For me it was very important because it forced me to weigh an issue for which I’ve never felt a special inclination (probably because I don’t belong to that group of respectable people who mourn their banishment and always keep a sentimental focus on where they were born).

I also think that it’s because I’ve had to spend much time outside my country of birth (sometimes for very long periods, with this latest one for twelve long years and going). In addition, I’ve learned to adopt new homelands (where I link to the same causes that continue tying me to Cuba).

A friend of a friend said that his homeland was wherever he laid his laptop. That’s a prickly statement, excessively hardcore. Nevertheless, I think that is — as one would say in good Dominican — “anda la vaina” (a pretty good way of looking at it).

WE NEED TO DEFINE WHAT WE WANT

But back to topic at hand, I think the issue of reconciliation can cause serious misunderstandings, even between those with the best intentions. Therefore it’s healthy to clearly define what we mean by a term that’s so emotionally charged.

Photo: Caridad

In a plane that I would call “systemic,” reconciliation can never mean returning to a pre-revolutionary Cuba – a land that in the minds of many exiles is seen as the best of all possible worlds.

It’s possible that it was indeed like that for some exiles, but I don’t think that was the situation for the majority of people, those who enthusiastically applauded the revolutionary negation of that state of affairs.

However, it’s undeniable that many virtues will have to be rescued from that past, though the party line and post-revolutionary historiography have endeavored to reduce all of this to purely outmoded sludge. Likewise, it will also have to be defined what should be preserved from post-1959 period.

These are decisions that of course don’t belong to the elites on either side of the Florida Straits or to their second rate intellectuals, but to all Cubans residing on and off the island.

Reconciliation cannot mean the blurring of political ideologies in a political embrace. These will continue to exist, fortunately, with many opposing ideological (political, historical, positional) positions.

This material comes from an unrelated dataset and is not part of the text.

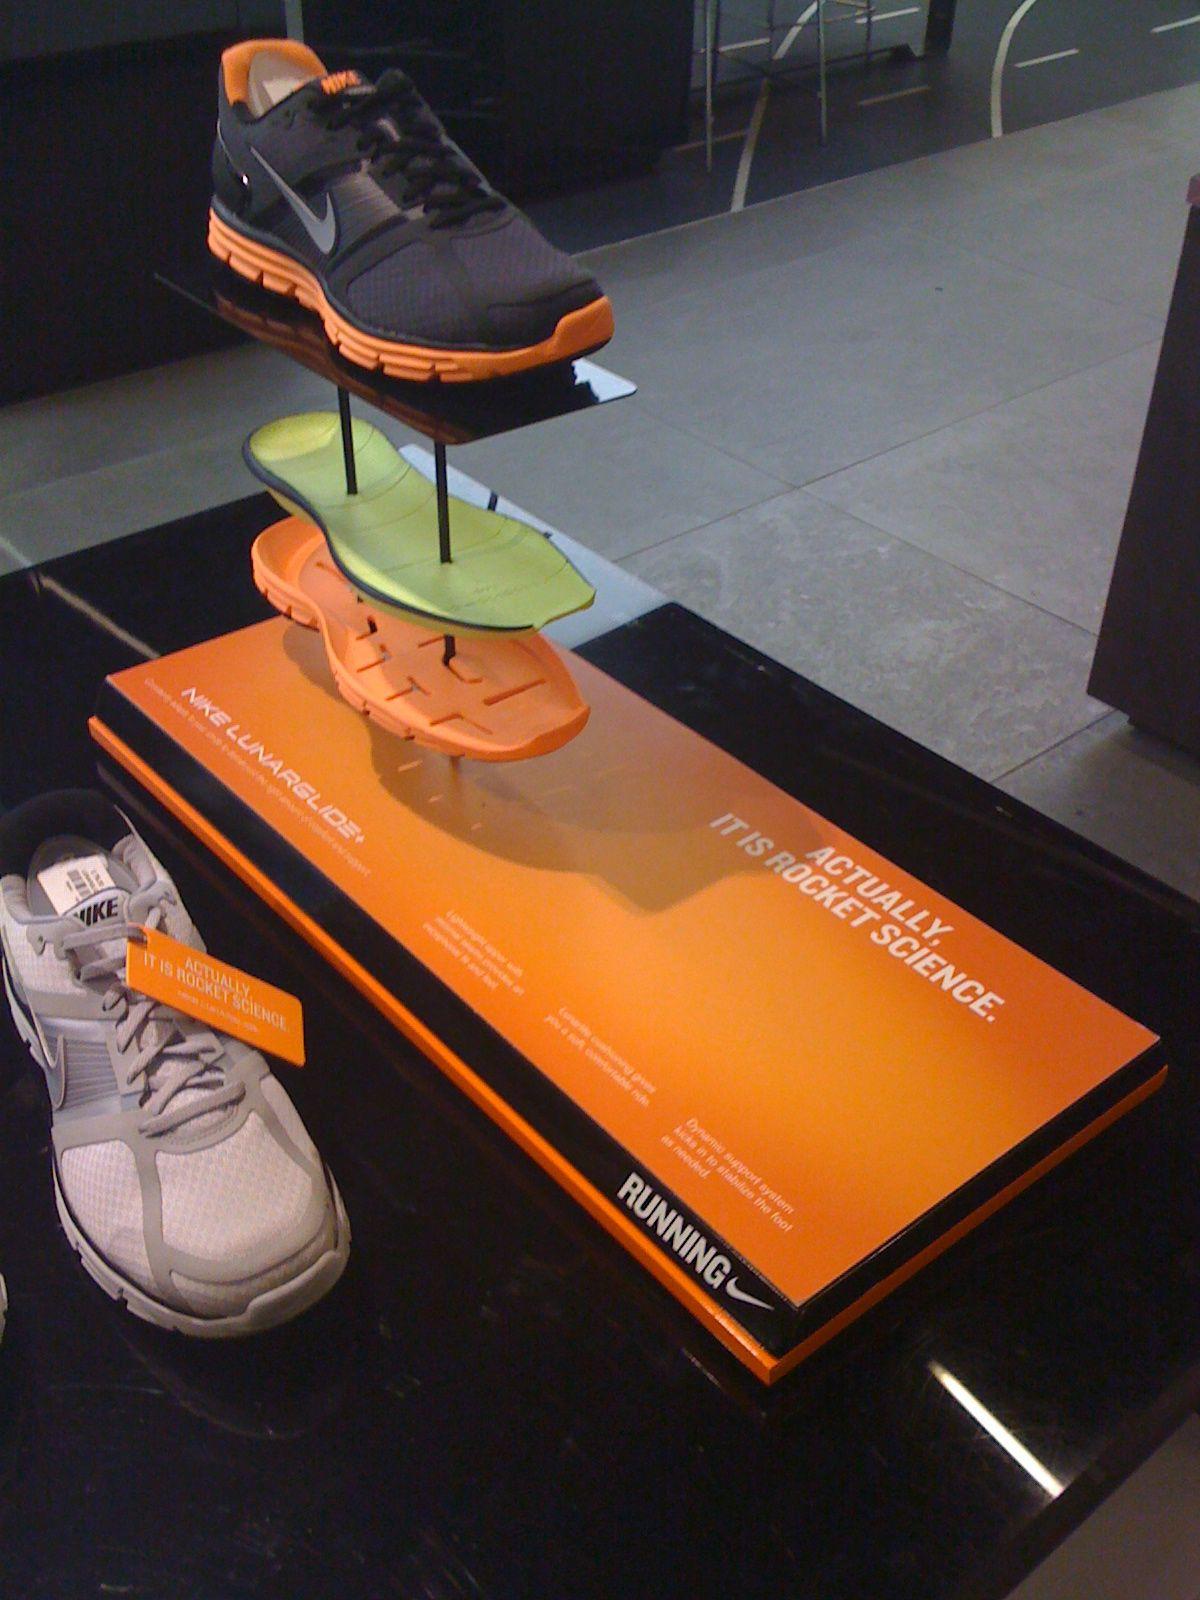 Pin by Caitlin Joyce on Retail Crush | Shoe box cake, Shoe

But all of them — and their political expressions — will have to accept clear rules of the game to facilitate democratic and pluralistic processes.

Reconciliation cannot omit a priori either the communists (the real ones) or the neo-liberals or any political faction that accepts these rules of the game, because if someone remains outside of the game, reconciliation will be weak and the resulting democracy will be misleading.

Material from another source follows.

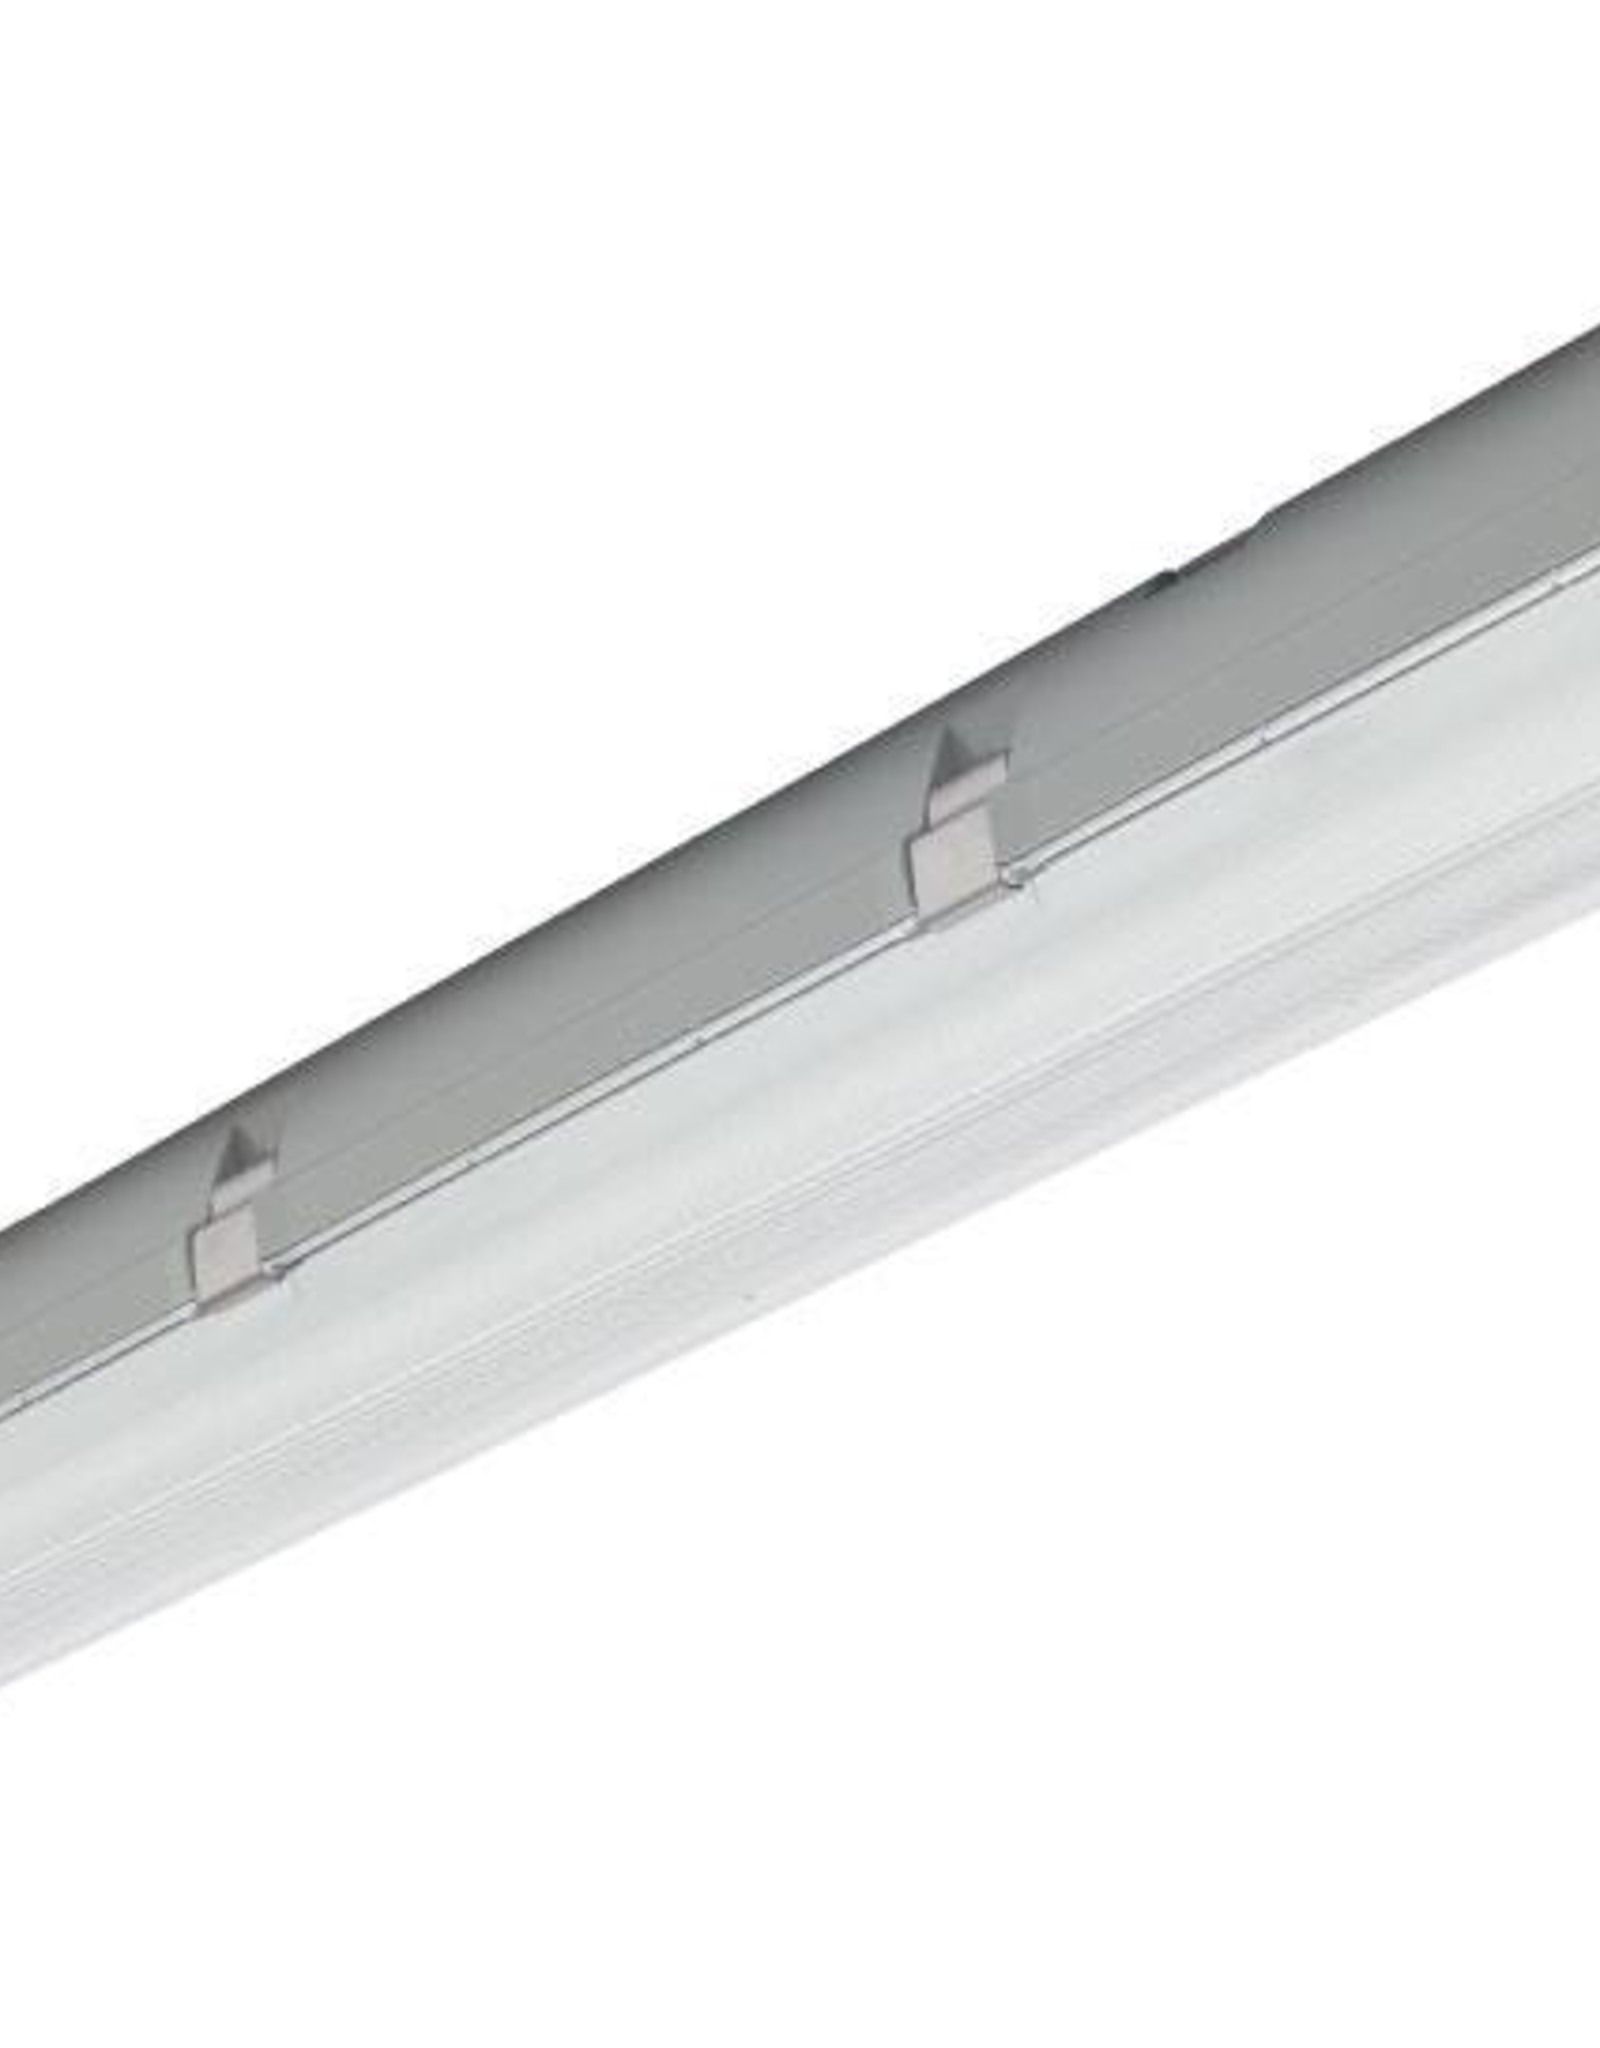 Prima 2x28W HE - ABS - inox clips - dimbare HF ballast

Politically, therefore, reconciliation makes us not sisters and brothers, but simply guests.

But if I concentrate on the most intimate plane — which is what I want to discuss now — reconciliation must be, above all, recognizing that we made mistakes, but we did so believing that we were doing what was right, and there’s life ahead that has to be addressed without the baggage of animosity.

RECONCILIATION BEGAN A LONG TIME AGO

This is indeed the case, because reconciliation already began a long time ago.

Photo: Caridad

First it was with families, who despite political pressures never broke their ties. Though occasionally contact was broken or became frozen, this was usually re-established with the smallest opportunity to do so.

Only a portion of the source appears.